Think of an autonomous, distributed worm that updates its knowledge base of exploit techniques based on trial and error and based on information it discovers as it propagates.

It might start doing things that no human security researcher had foreseen, and that doesn't require great leaps of the imagination based on today's tech.

That's when you close the evolutionary loop.

I think this isn't quite that yet, but it points in that direction.


The objective is given via the initial prompt, as they loop onto each other and amplify their memories the objective dynamically grows and emerges into something else.

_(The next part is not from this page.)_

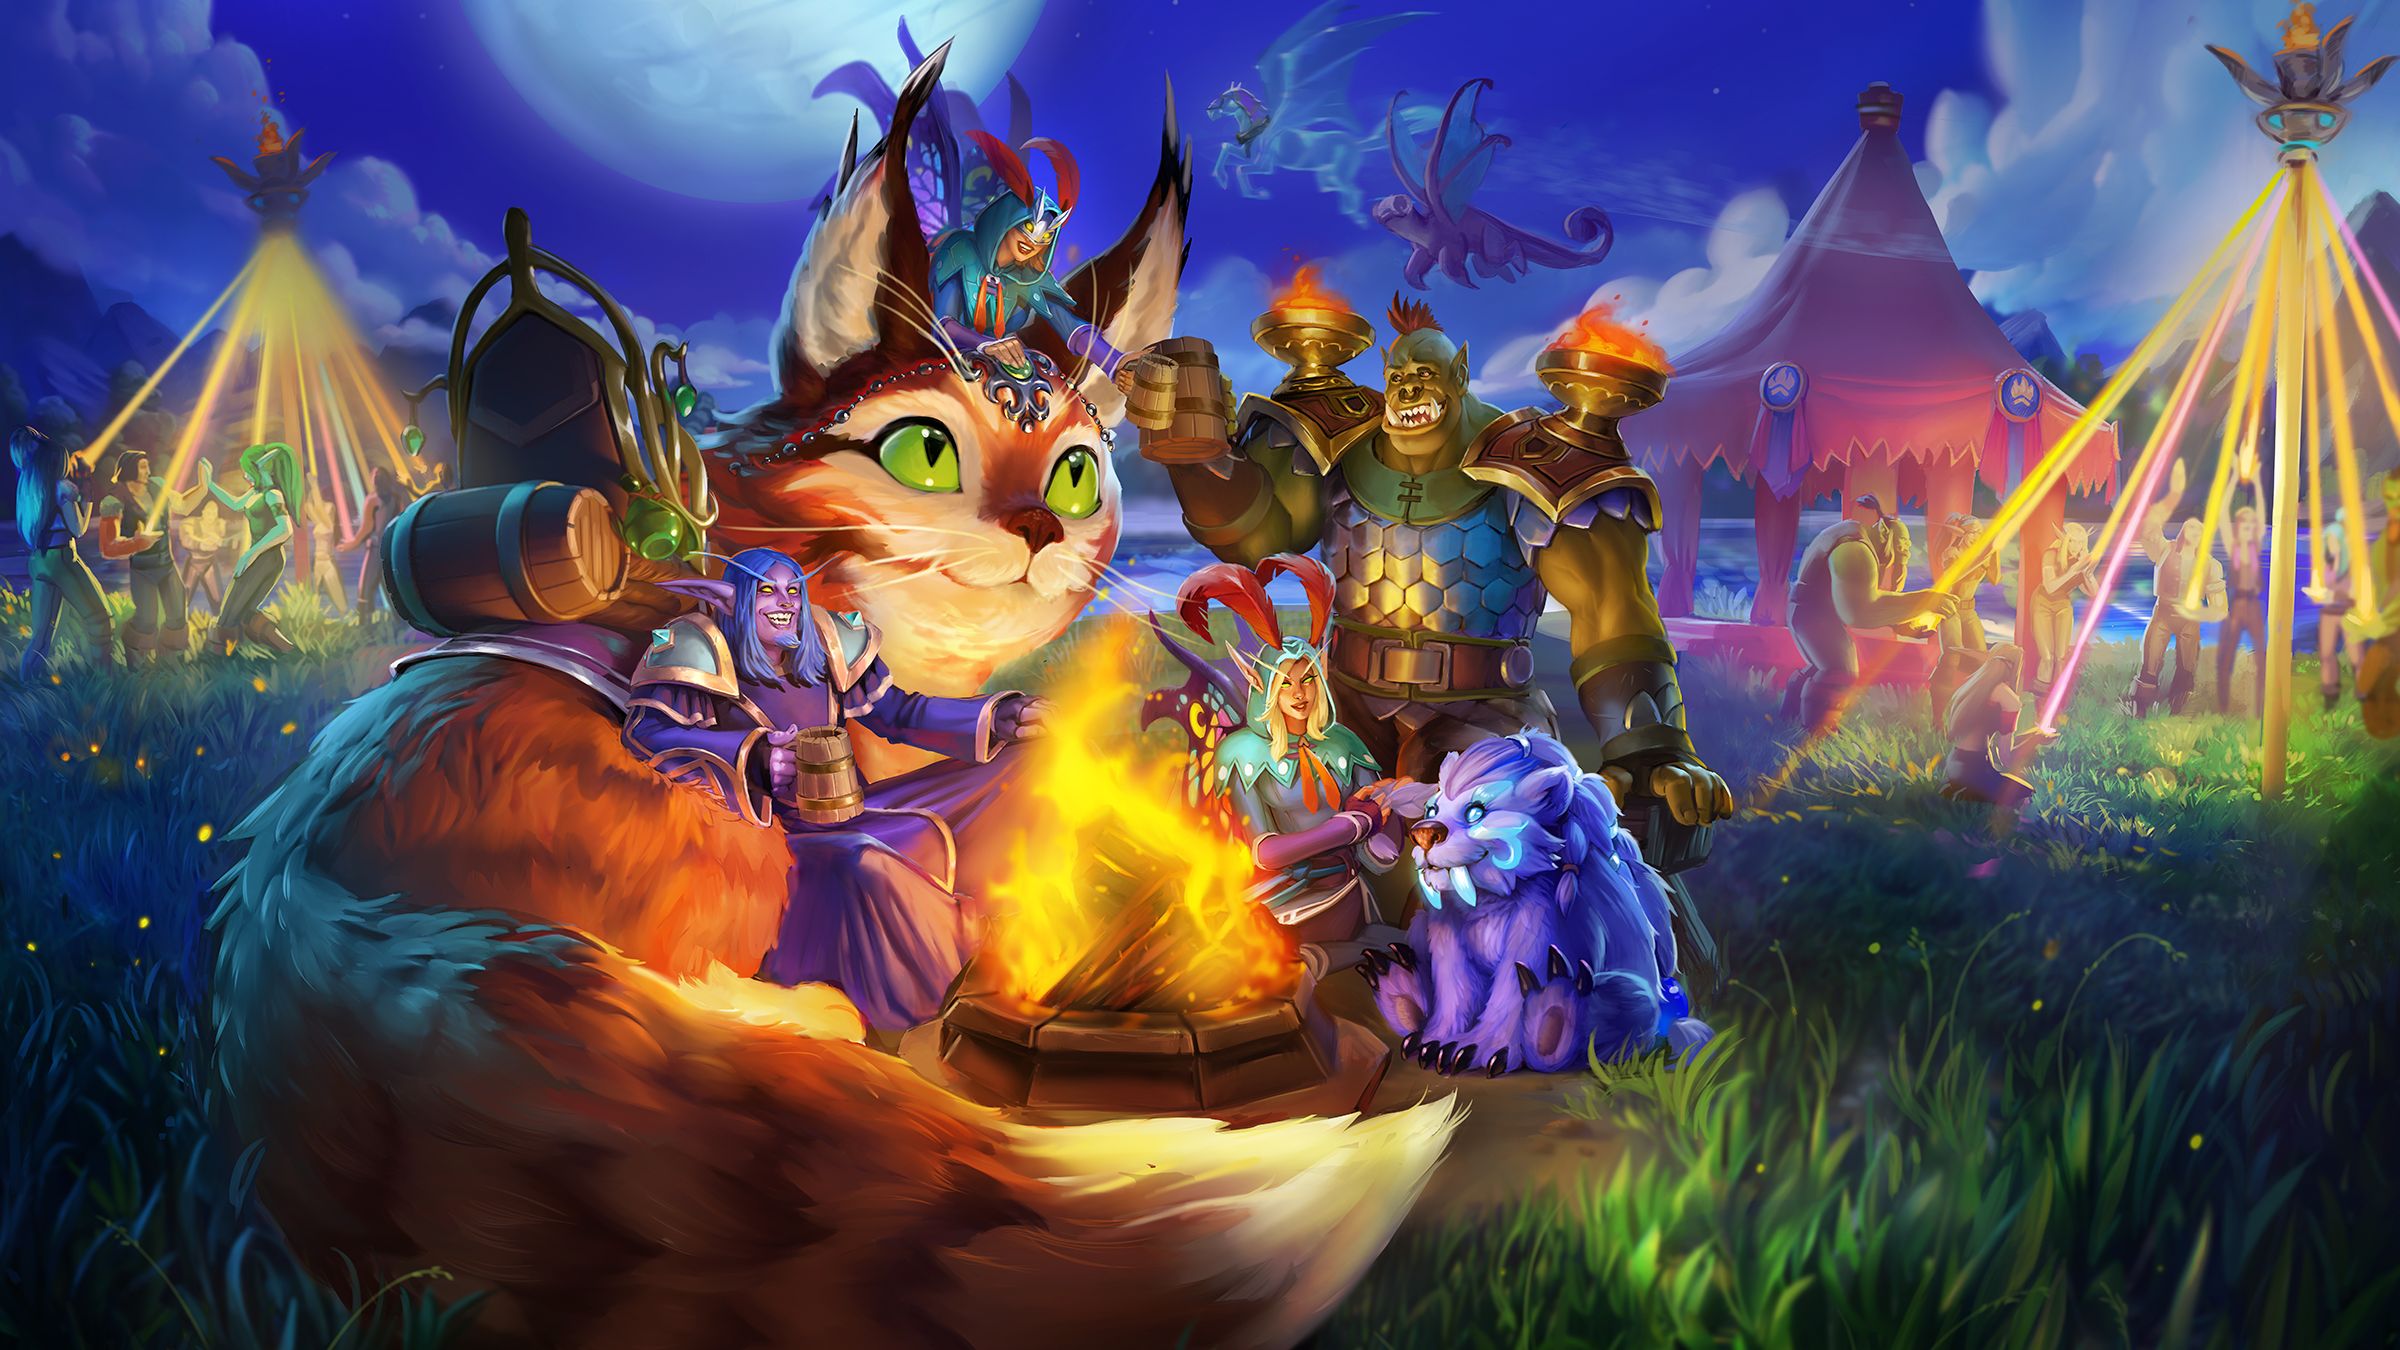 Summer Sale is here! Save Big on Mounts, Pets, Game Services, and More.

We are an organism born out of a molecule with an objective to self replicate with random mutation


I have yet to see any evidence of this. If anyone is willing to provide some good research on it. last I heard using AI to train AI causes problems


Branching conversations are great for a whole bunch of reasons. I posted a demo of a prototype: https://x.com/ajdegol/status/1788689011302682657

And Jake Collins just announced he’s open sourcing an obsidian plugin which has a ton of features: https://x.com/JacobColling/status/1795462258258002255


I think this might be on the right track. Imagine using this to build programs as well, drag around generated functions and connect things visually. Each function can be its own node, and you can adjust the inputs and outputs by drag-dropping stuff and have the AI magically figure out the requirements.


I am working on an app [1] that does very similar as far as the branching goes (minus the right hand side visual which I have plans to support something very similar but along with a git like graph).